2) Time of deduction of tax:- Tax shall be deducted at the time of credit of such sum to the account of the transferor or at the time of payment of such sum in cash or by the issue of a cheque or draft or by any other mode, whichever is earlier.

3) Rate of TDS: Tax shall be deducted at the rate of 1%.

4) What if PAN is not furnished by the deductee: Section 206AA, as inserted with effect from 1-4-2010, provides as under:

Every person whose receipts are subject to deduction of tax at source (i.e., the deductee) shall furnish his PAN to the deductor. If such person does not furnish PAN to the deductor, the deductor will deduct tax at source at higher of the following rates:

(a) the rate prescribed in the Act; or
(b) at the rate in force, i.e., the rate mentioned in the Finance Act; or
(c) at the rate of 20%.

Where the PAN provided to the deductor is invalid or does not belong to the deductee, it shall be deemed that the deductee has not furnished his PAN to the deductor and above provisions shall apply accordingly. Let’s understand it by way of an example

Example No. 1:

Suppose there was an immovable property owned by Pushp Kumar Sahu whose market value is 5 Crores INR. The said property was sold by Pushp Kumar Sahu to Mr. Uday Kumar Sahu at a consideration of 5.5 Crores.

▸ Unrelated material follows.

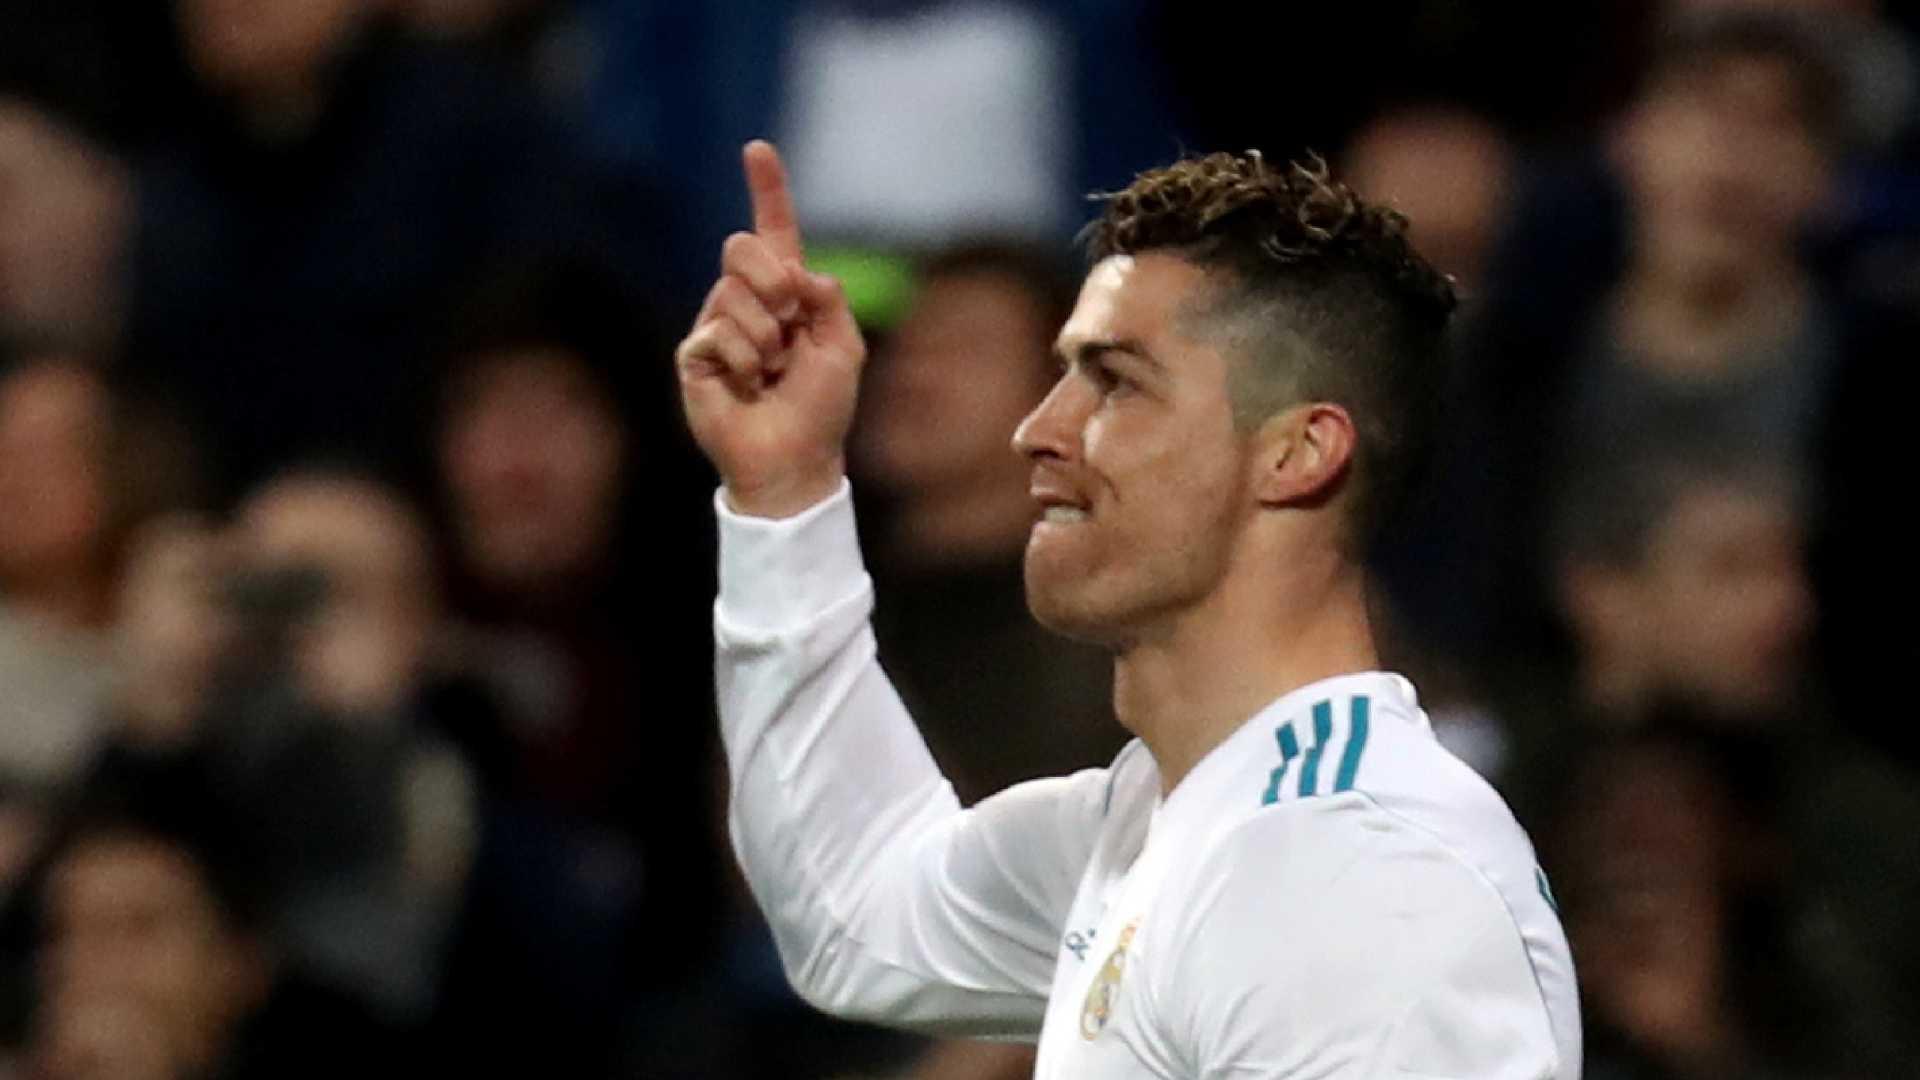 o hábito de ronaldo que deixa os colegas no real madrid a rir - CR7 - O hábito de Ronaldo que deixa os colegas no Real Madrid a rir

Now there is a liability on Mr. Uday to deduct tax @ 1% of the said consideration i.e. 5,50,000/- and the same should  be paid to the credit of the Central Government within a period of thirty days from the end of the month in which the deduction is made and shall be accompanied by a challan-cum-statement in Form No. 26QB.

Note: After filing Challan cum statement 26QB, Deductor requires to issue Form 16B (TDS Certificate) to the deductee.

Example No. 2:

Suppose there were three brothers named Pushp, Mohit and Rishab, they are co-owners of an immovable property. They sold that property to Laxminayaran & associates (partnership firm) at a consideration of 1.45 Crores. Now the question arises that whether the Laxminarayan & associates needs to deduct TDS on such consideration.

The answer is no, as the property is owned by three persons, individual consideration per person does not exceed 50 lakh INR, therefore no requirement for TDS u/s 194-IA. Reliance can be placed on the judgment passed by the Delhi Bench of the Income Tax Appellate Tribunal in case of Vinod Soni and others (Taxpayers).